_Data segment:_
BEGIN

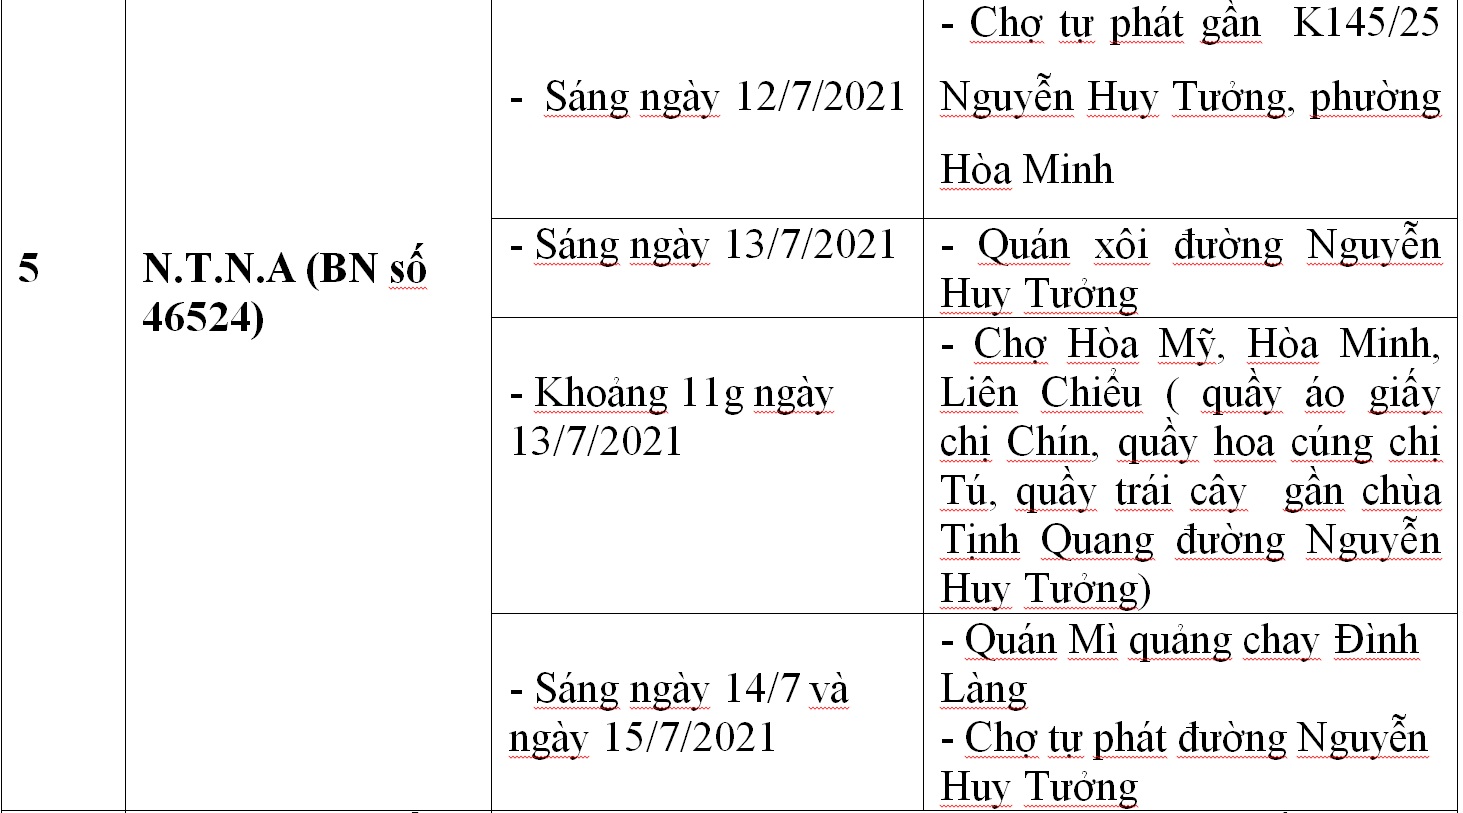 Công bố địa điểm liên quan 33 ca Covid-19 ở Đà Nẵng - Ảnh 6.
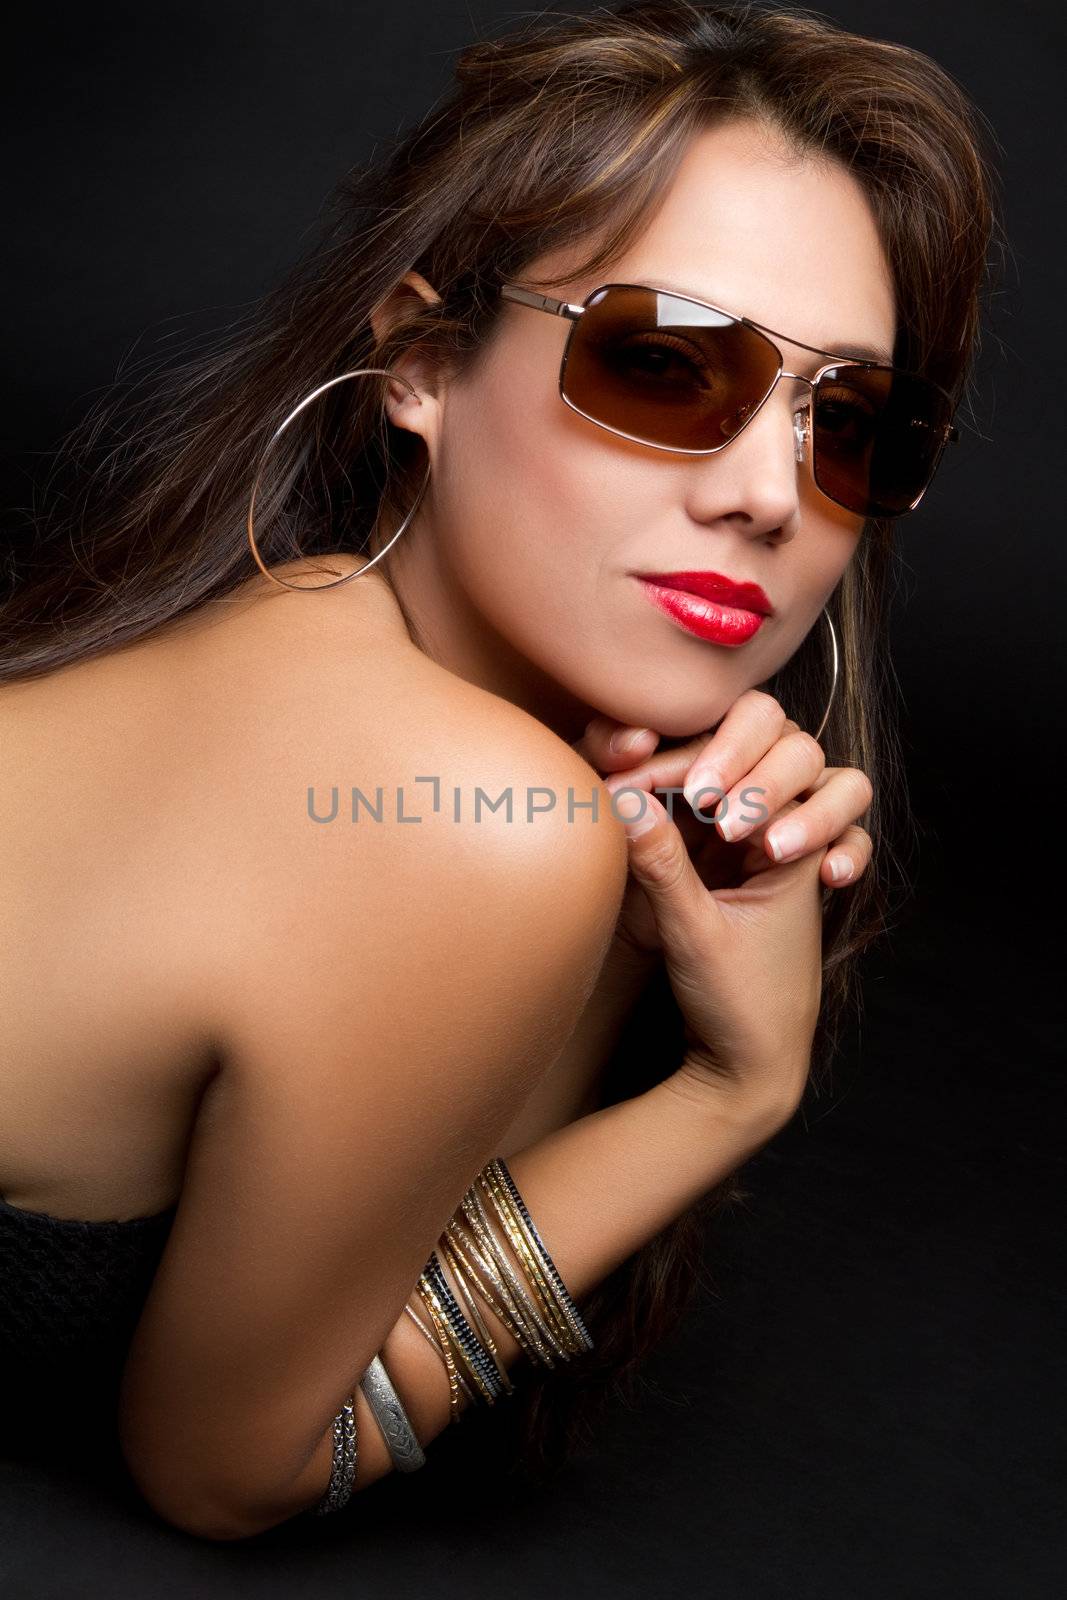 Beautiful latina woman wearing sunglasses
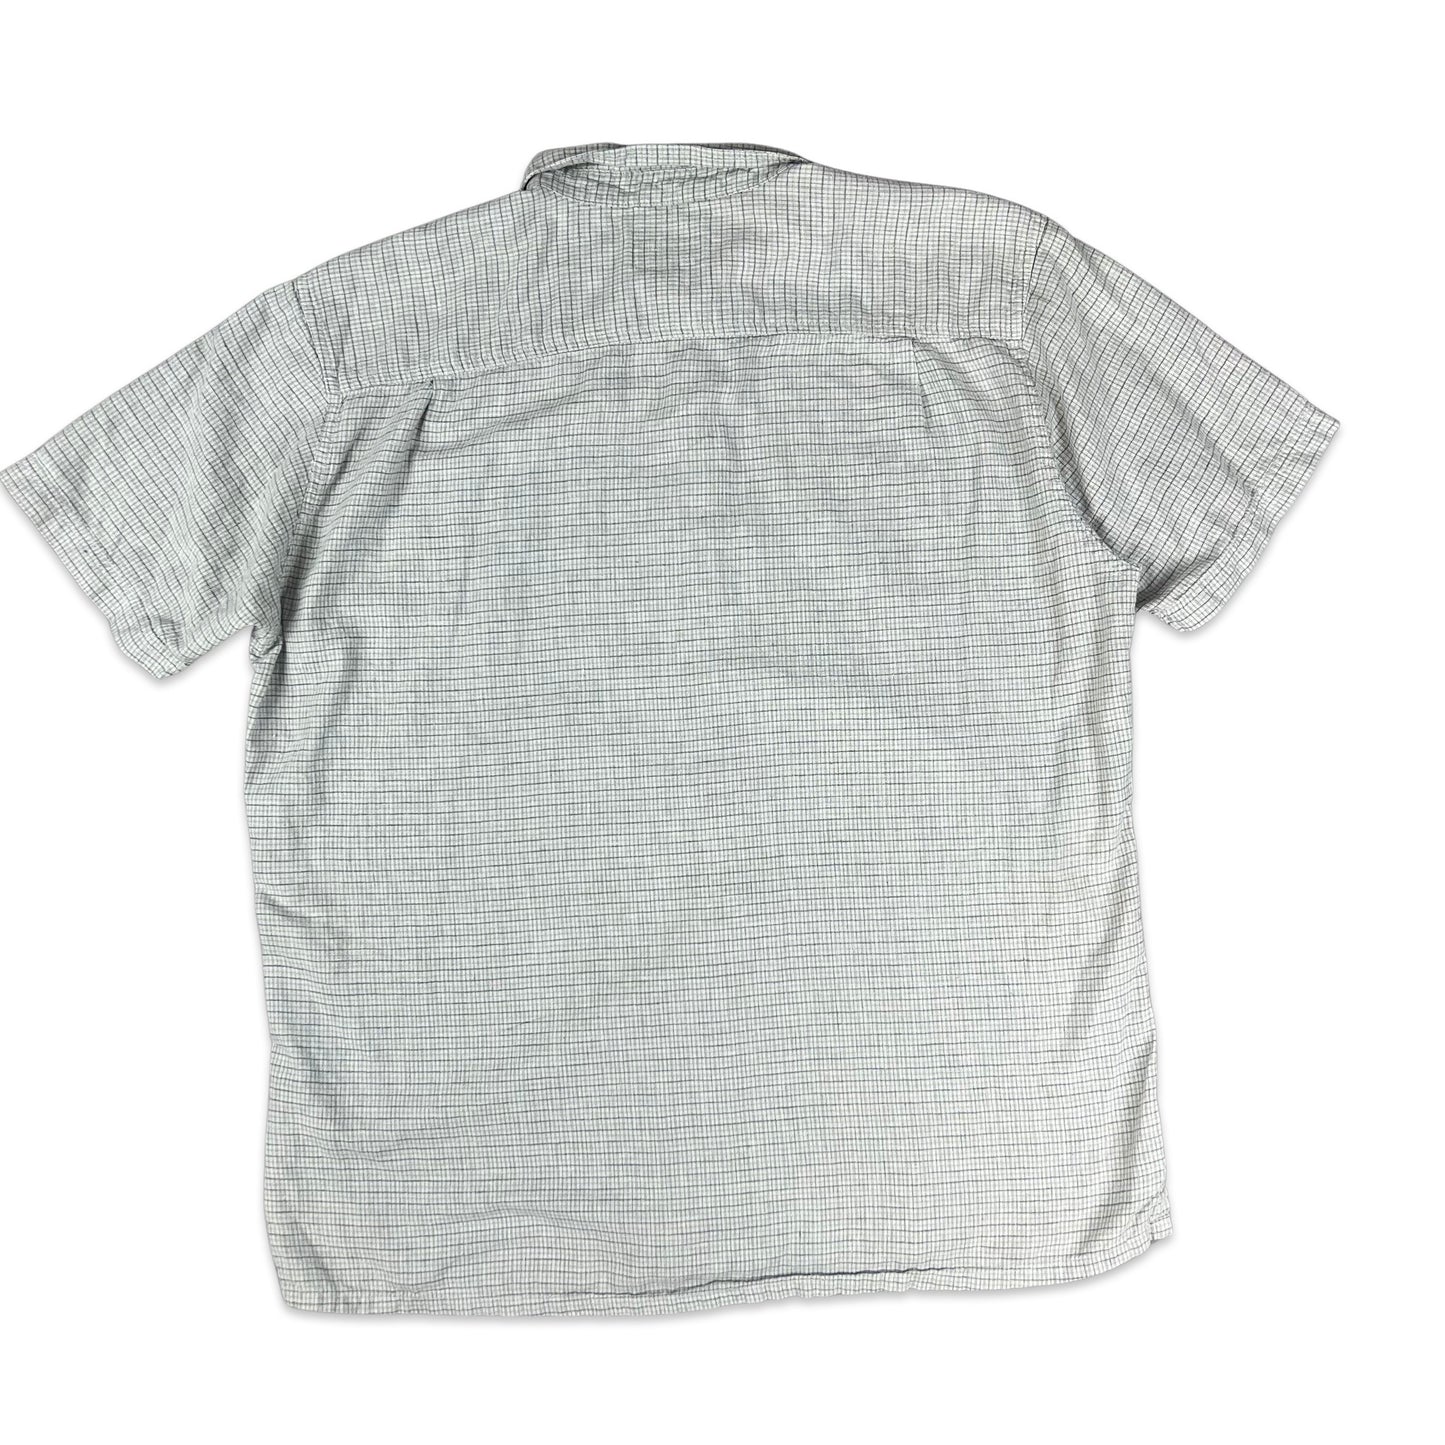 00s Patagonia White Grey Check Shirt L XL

END

_Task description:_ Your task is to retype exactly, and only, the lines from the one that holds "Beautiful latina woman wearing sunglasses" through the end of the listing, both end lines included, without any pictures.

_The completed task:_
 Beautiful latina woman wearing sunglasses
 00s Patagonia White Grey Check Shirt L XL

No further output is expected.